The goal of this visualization is to provide interactive browsing of association rules within named entities of a RDF graph through three synchronized and complementary visualization techniques:

**Overview of Rules:**We use a scatter plot technique with a slight modification to allow the user to identify how many rules are concerned by each pair <confidence, interestingness>. The chart's x-axis represents values of interestingness, while the y-axis represents values of confidence. The crossing points between both measures are represented by diamond symbols, which color encodes measures of interest, texture encodes symmetry, and size encodes the number of rules for each pair of values <confidence, interestingness>.**Circular Paginated View of Subsets:**We use a chord diagram chart to provide a clear and simultaneous representation of relationships between items and their measures of interest. The arcs correspond to single items and the ribbons represent the rules, which color encodes values of confidence and interestingness, and texture encodes symmetry. Each ribbon contains arrowheads on its extremities to indicate the rule's direction, i.e. the extremity containing the arrow implies that the item is a consequent. The order of arcs around the circumference can be modified by sorting the keywords by alphabetic order or according to the number of association rules involving each item.**Exploratory Graph View of Items:**The association graph is meant to give an intuitive portray of antecedent and consequent items involved in rules by representing them as nodes placed in the left and right side of rules. We use an association graph with two vertical stacks of labeled rectangles at the left and right extremities of the window to represent items, and diamond-shaped nodes placed at the center of the visualization space to represent the association rules between items.

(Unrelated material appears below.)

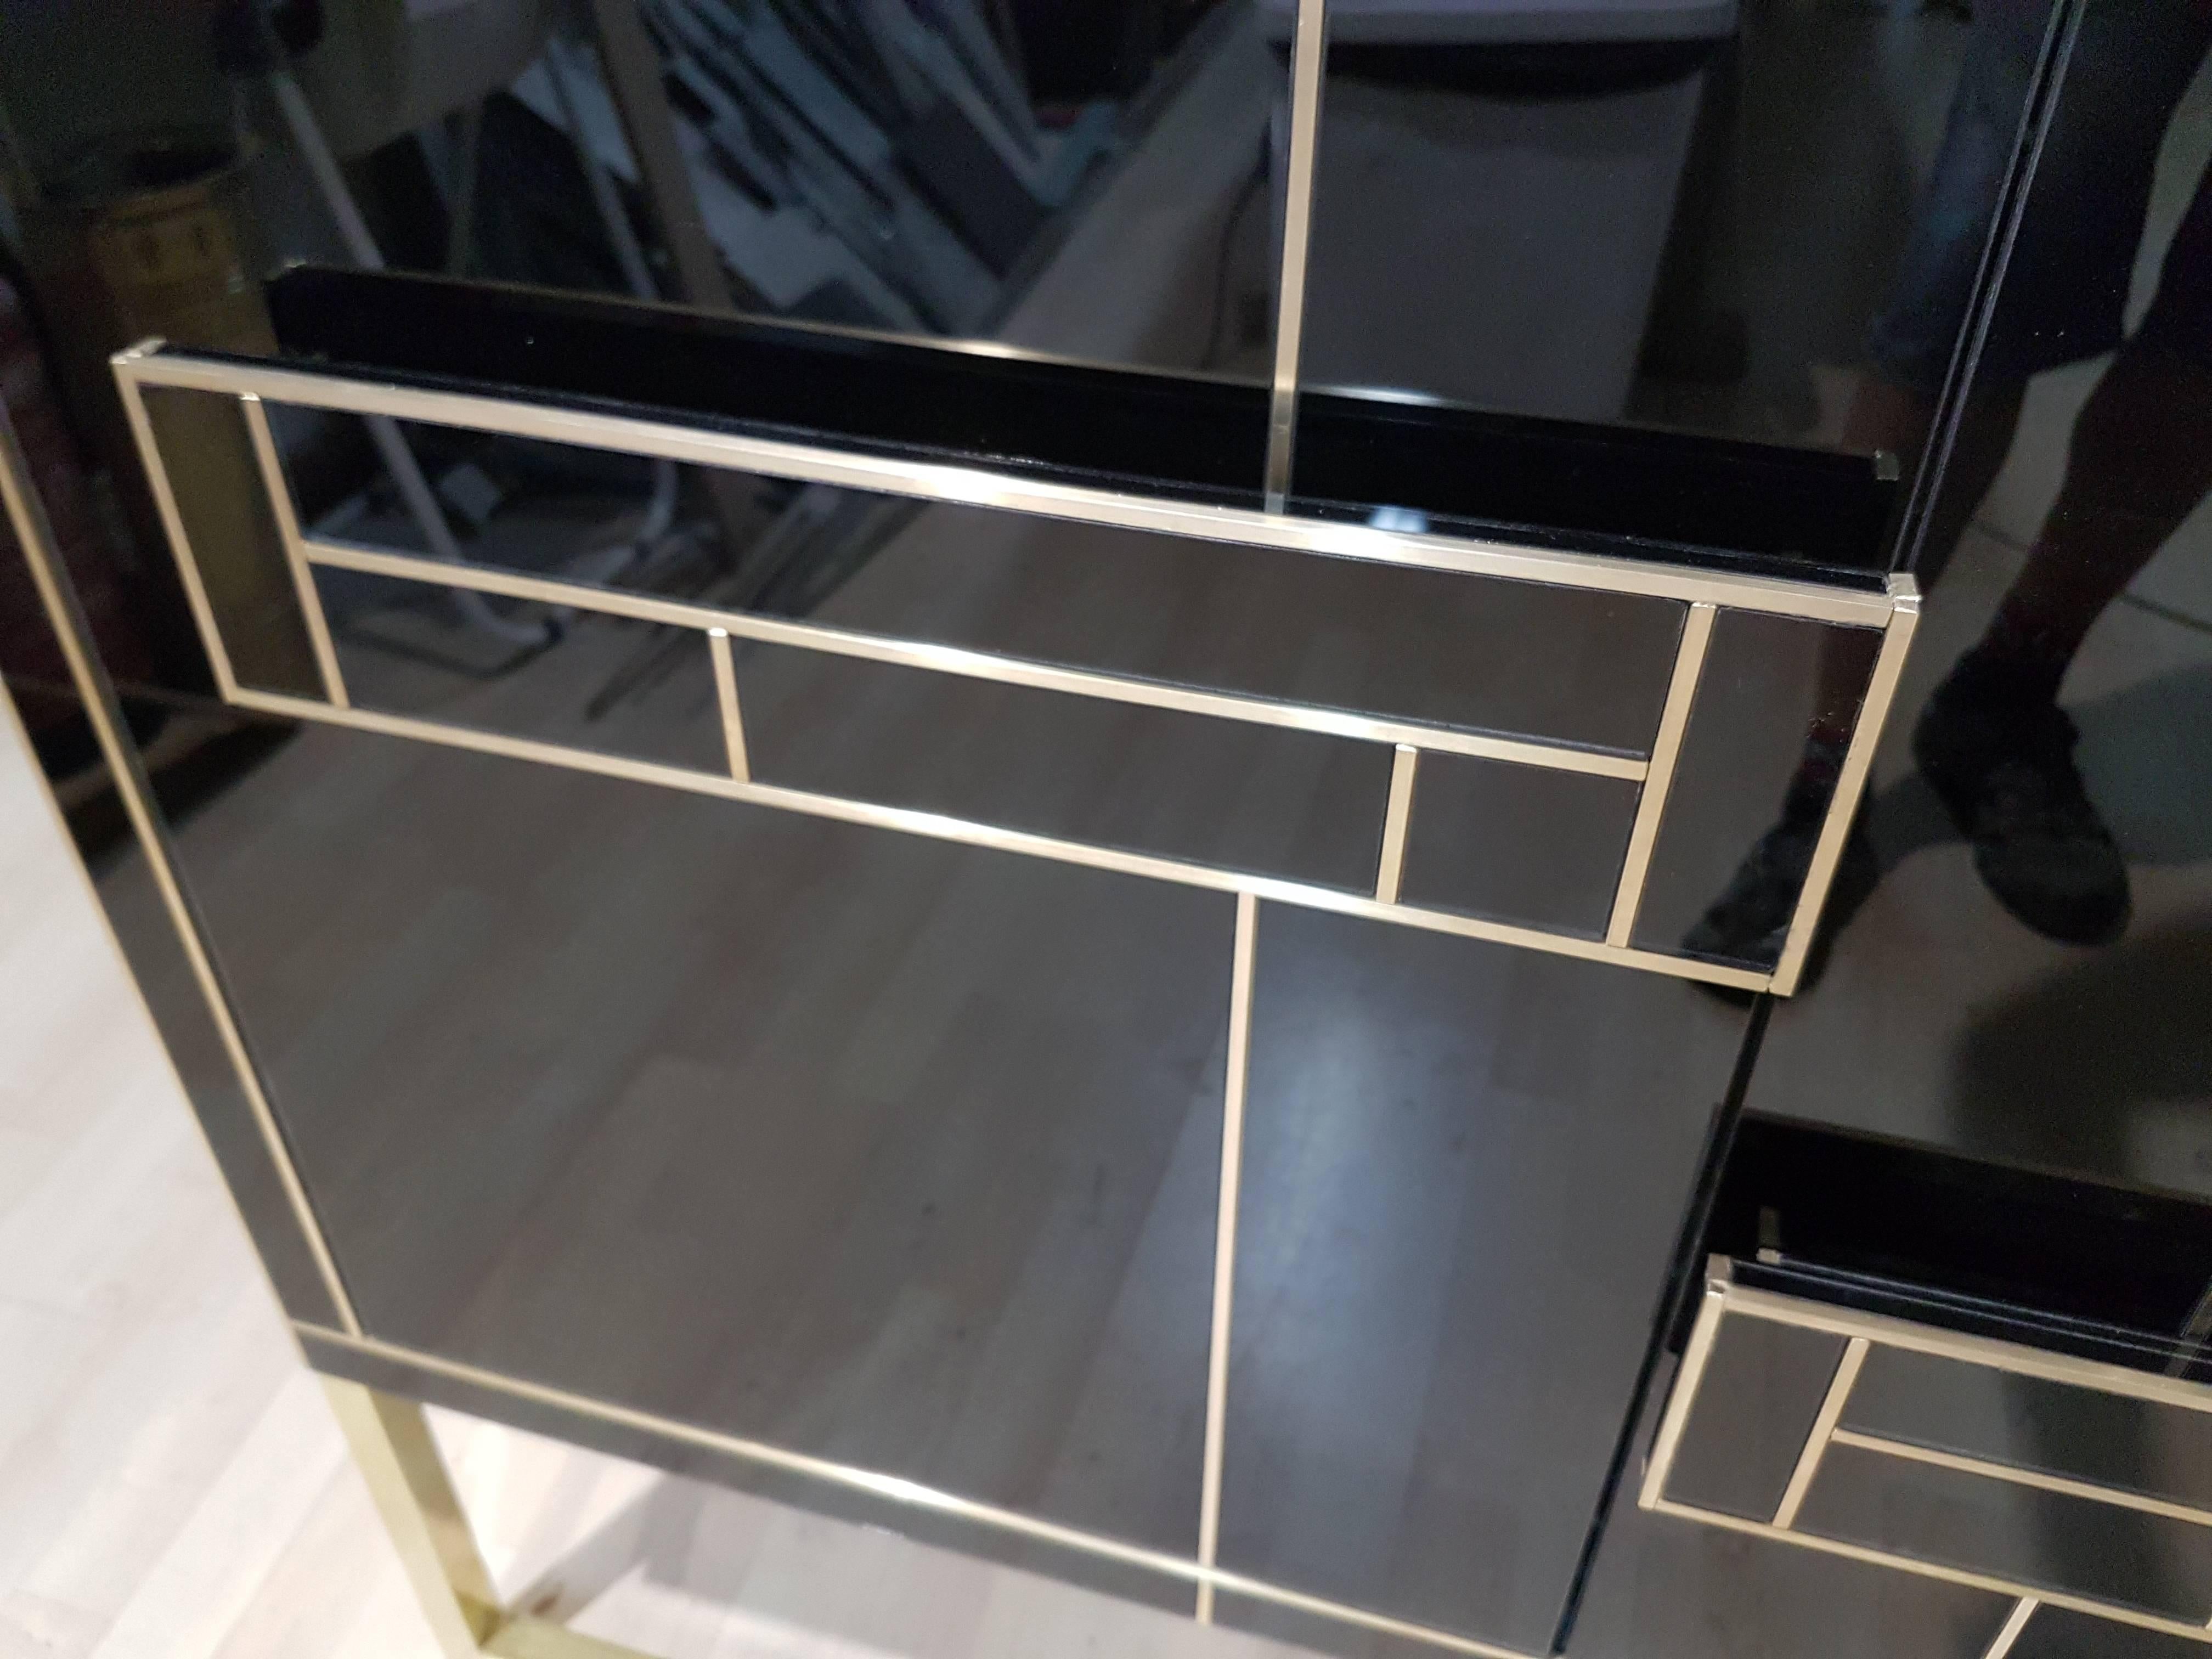 Elegant and timeless pair of black onyx glass cabinets with brass flat bar legs and brass inlays. Interior is plated in mirrors. Handcrafted in Spain exclusively for us. An exquisite work of art. Signed by artist/maker. These cabinets are versatile

For extracting the association rules, we used the CORD-19 Named Entities Knowledge Graph, which describes the named entities embedded in the publications, which are linked to DBPedia, Wikidata, and Bioportal datasets. Particulary, at the moment, we use the named entities linked to the Wikidata dataset. Furthermore, we only treat publications between 1990 and 2020.

We use the

- Antecedents: either a named entity or a pair of named entities.
- Consequents: either a named entity or a pair of named entities, which are consequence of the existence of antecendents in the publication.
- Support: the probability of finding the named entities X and Y in a transaction. It is estimated by the number of times X and Y appear among all available transactions. The resulting value is between 0 and 1.
- Supp(X → Y) = P(X ∩ Y)
- Confidence: the probability of finding the named entity Y in a transaction, knowing that the named entity X is in the same transaction. It is estimated by the corresponding frequency observed (number of times that X and Y appear among all transactions divided by the number of times where X is found). The resulting value is is between 0 and 1.
- Conf(X → Y) = P (Y / X) = P(X ∩ Y) / P(X) = Sup(X → Y) / Sup(X)
- Interestingness: the serendipity of the rule, which serve to penalize the rules or named entities with high frequency of appearance within the database.
- Interestingness(X → Y) = (Supp(X → Y) / Supp(X)) × (Supp(X → Y) / Supp(Y)) × (1 - (Supp(X → Y) / Tot. No. of transactions))
- isSymmetric: whether the rule works inversely, i.e. whether there is another rule where the antecendent is the consequent and vice versa.
- Cluster: the cluster which the rule belongs. These are automatically generated with no assigend semantic meaning.

- the
*confidence*, which defines a threshold of confidence (≥ .7) that determine whether the rule is kept. - the
*interestingness*, which defines a threshold of interestingness (≥ .3) that determine whether the rule is kept. - the
*redundancy*, which remove every rule that comply with the following definition of redundancy: A,B,C → D is redundant if Conf(A,B → D) ≥ Conf(A,B,C → D)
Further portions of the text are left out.